It turns out there’s a lovely way to get at this exact ranking using the eigensystem of the adjacency matrix associated with the directed graph. Let’s suppose we have \(N\) participants in a collection of contests - football, basketball, tiddly winks, what have you. We also suppose there is a vector \(\mathbf{r}\) of rankings with positive entries \(r_j\). Conceptually, \(r_j\) represents the actual strength of the \(j^{\text{th}}\) competitor. We wish to assign a positive score \(s_i\) to each competitor. If competitor \(i\) beats competitor \(j\), we expect that to contribute positively to the score of competitor \(i\). Furthermore, the stronger competitor \(j\) was, the more we expect the contribution to be. Symbolically, we might write:

\[s_i = \frac{1}{n_i}\sum_{j=1}^N a_{ij}r_j.\]

Thus, \(s_i\) is a linear combination of the strengths of its opponents. The normalization factor \(n_i\) is the number of games that team \(i\) played; we include it because we don’t want a team’s ranking to be higher simply because it played more games.

A key issue, of course, is how should the matrix of coefficients \(A=(a_{ij})\) be chosen? Certainly, if team \(i\) defeated team \(j\) every time they played (there might be more than one contest between the two), then we expect \(a_{ij}>0\). Beyond that, there’s a lot of flexibility and the precise choice is one for experimentation and (hopefully) optimization. In the simple approach that follows, we’ll take \(a_{ij}\) to simply be the number of times that team \(i\) defeated team \(j\).

Finally, it seems reasonable to hope that our score \(s_i\) of the \(i^{\text{th}}\) team should be related to the actual strength \(r_i\) of that team. Let’s assume that they are, in fact, proportional: \(\mathbf{s} = \lambda \mathbf{r}\). Put another way, we have \[A\mathbf{r} = \lambda\mathbf{r}.\] That is, the actual ranking of strengths vector \(\mathbf{r}\) is an eigenvector of \(A\)!

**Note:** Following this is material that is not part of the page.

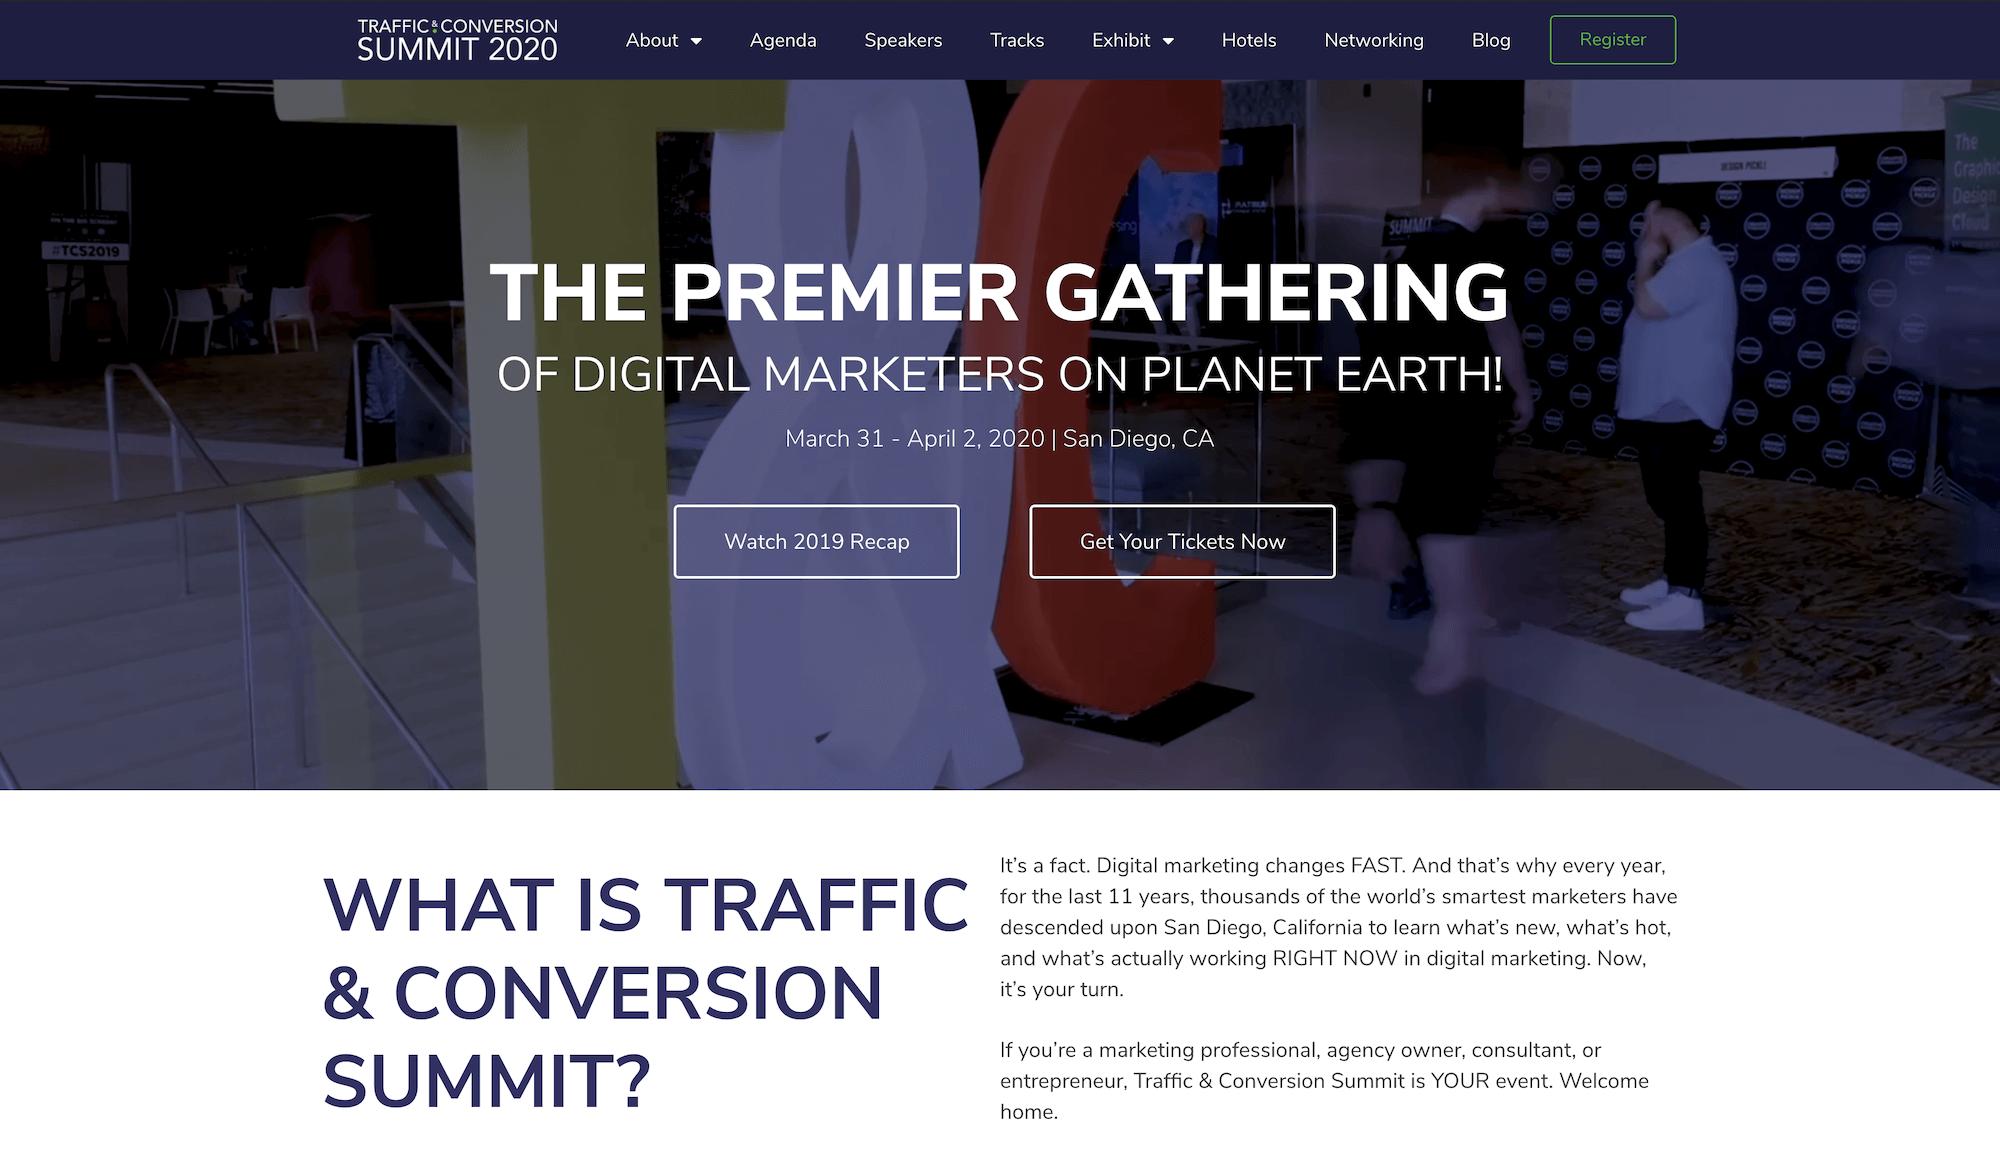 Traffic & Conversion Summit Landing Page Example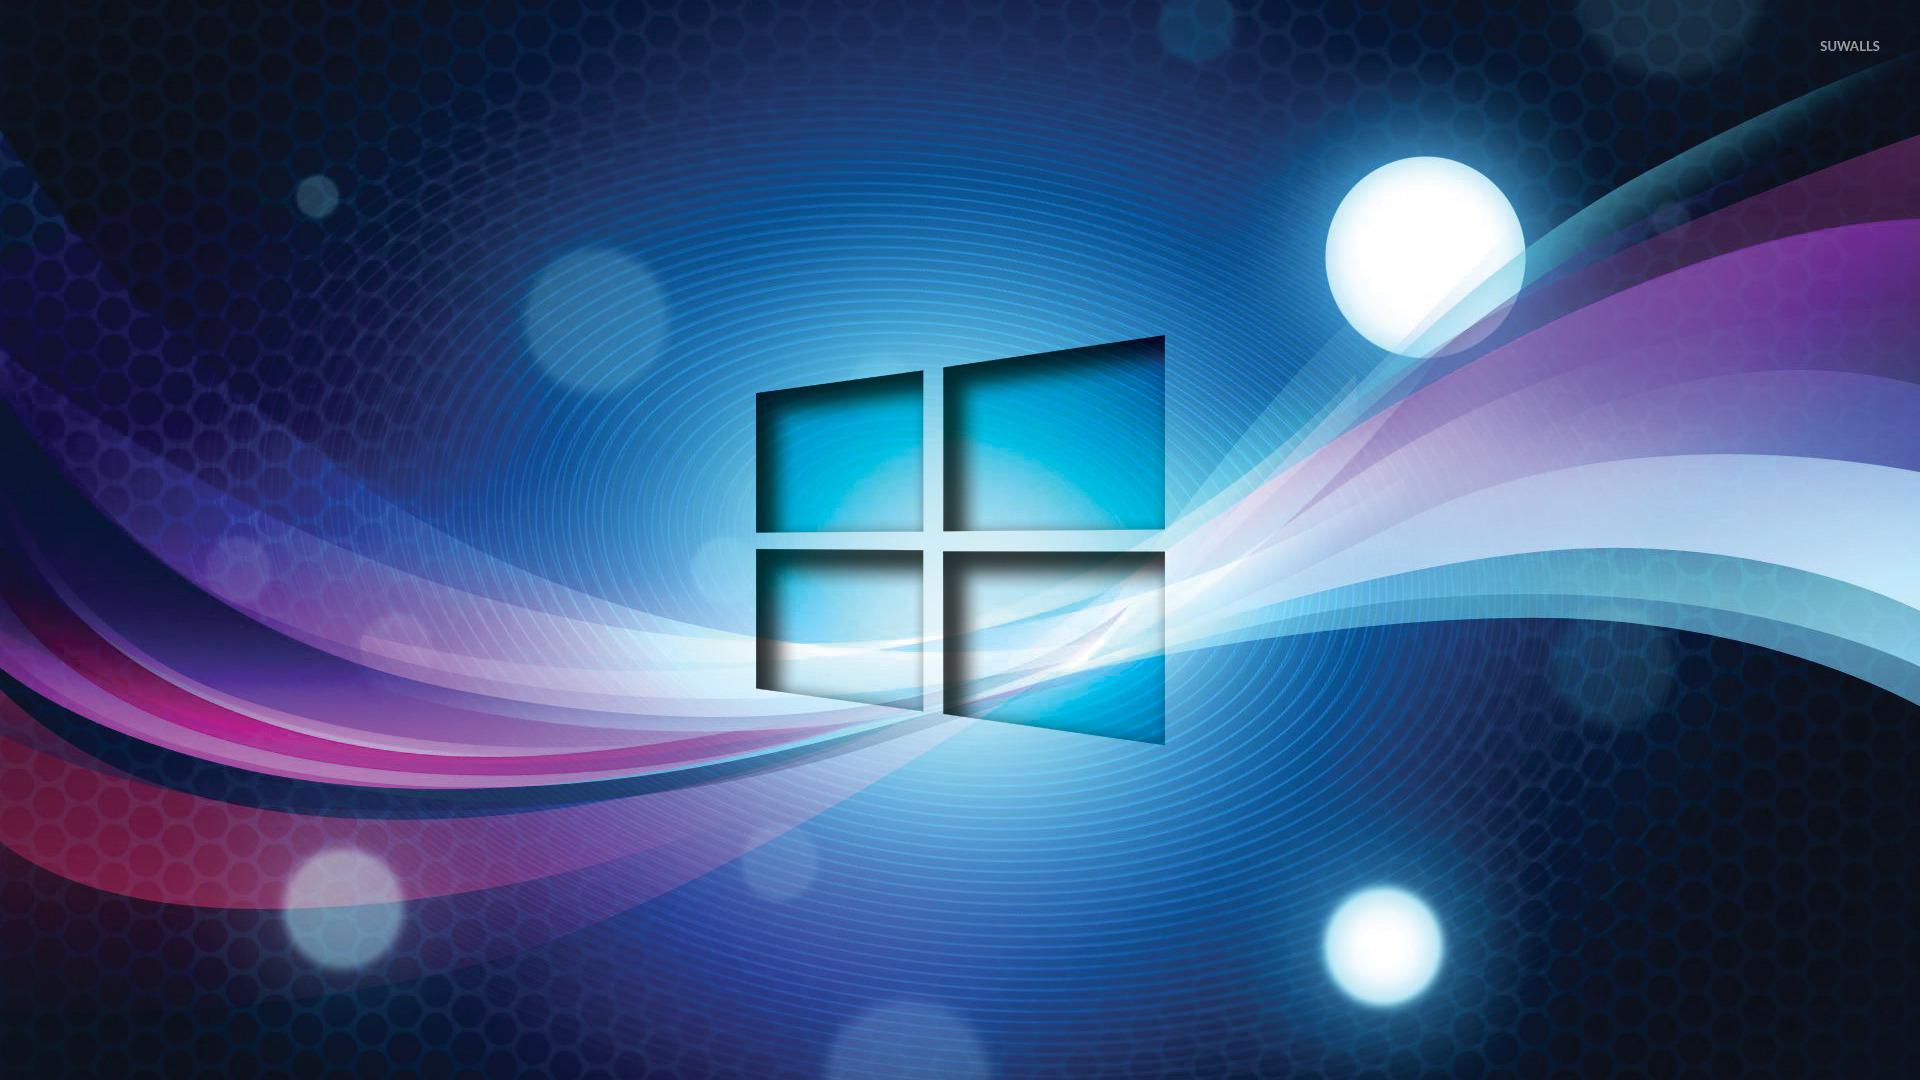 Free Windows 10 Wallpaper Puter Wallpapers

The Perron-Frobenius theorem

At this point, we turn to some mathematical theory to guide us in our choice of eigenvector.

Theorem: If the square matrix \(A\) has nonnegative entries, then it has an eigenvector \(\mathbf{r}\) with nonnegative entries corresponding to a positive eigenvalue \(\lambda\). If \(A\) is irreducible, then \(\mathbf{r}\) has strictly positive entries, is unique, simple, and the corresponding eigenvalue is the one of largest absolute value.

This all seems good because we certainly want a vector of positive rankings and the theorem tells us which one to choose. This eigenvalue/eigenvector pair is sometimes called dominant.

To some readers, the notion of an irreducible matrix is quite possibly new. There are a number of equivalent characterizations including:

\(A\mathbf{v}>0\), whenever \(\mathbf{v}>0\),
There is no permutation of the rows and columns of \(A\) transforming the matrix into a block matrix of the form \[\begin{bmatrix} A_{11} & A_{12} \\ 0 & A_{22} \end{bmatrix},\] where \(A_{11}\) and \(A_{22}\) are square.
The associated digraph is strongly connected, i.e. there is a path from any vertex to any other.

I find the last characterization easiest to work with and it’s easy to believe that it’s likely to be satisfied, if teams play each other enough. Even if the matrix is not irreducible, the eigenranking approach can work. If not, it’s often sufficient to work with the appropriate strongly connected component of the digraph.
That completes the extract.